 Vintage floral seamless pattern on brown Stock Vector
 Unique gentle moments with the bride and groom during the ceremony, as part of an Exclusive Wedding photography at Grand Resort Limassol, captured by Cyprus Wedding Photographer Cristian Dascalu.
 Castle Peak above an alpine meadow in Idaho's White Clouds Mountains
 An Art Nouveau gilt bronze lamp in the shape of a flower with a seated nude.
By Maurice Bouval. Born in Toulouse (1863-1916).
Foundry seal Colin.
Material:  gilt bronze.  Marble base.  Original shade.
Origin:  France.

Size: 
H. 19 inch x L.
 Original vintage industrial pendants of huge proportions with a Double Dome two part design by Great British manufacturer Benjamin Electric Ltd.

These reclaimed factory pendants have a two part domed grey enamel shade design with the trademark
++++++++++
INSTRUCTIONS TO FOLLOW: What you return must match the listing exactly, with nothing missing.

WRITTEN RESPONSE:
 Vintage floral seamless pattern on brown Stock Vector
 Unique gentle moments with the bride and groom during the ceremony, as part of an Exclusive Wedding photography at Grand Resort Limassol, captured by Cyprus Wedding Photographer Cristian Dascalu.
 Castle Peak above an alpine meadow in Idaho's White Clouds Mountains
 An Art Nouveau gilt bronze lamp in the shape of a flower with a seated nude.
By Maurice Bouval. Born in Toulouse (1863-1916).
Foundry seal Colin.
Material:  gilt bronze.  Marble base.  Original shade.
Origin:  France.

Size: 
H. 19 inch x L.
 Original vintage industrial pendants of huge proportions with a Double Dome two part design by Great British manufacturer Benjamin Electric Ltd.

These reclaimed factory pendants have a two part domed grey enamel shade design with the trademark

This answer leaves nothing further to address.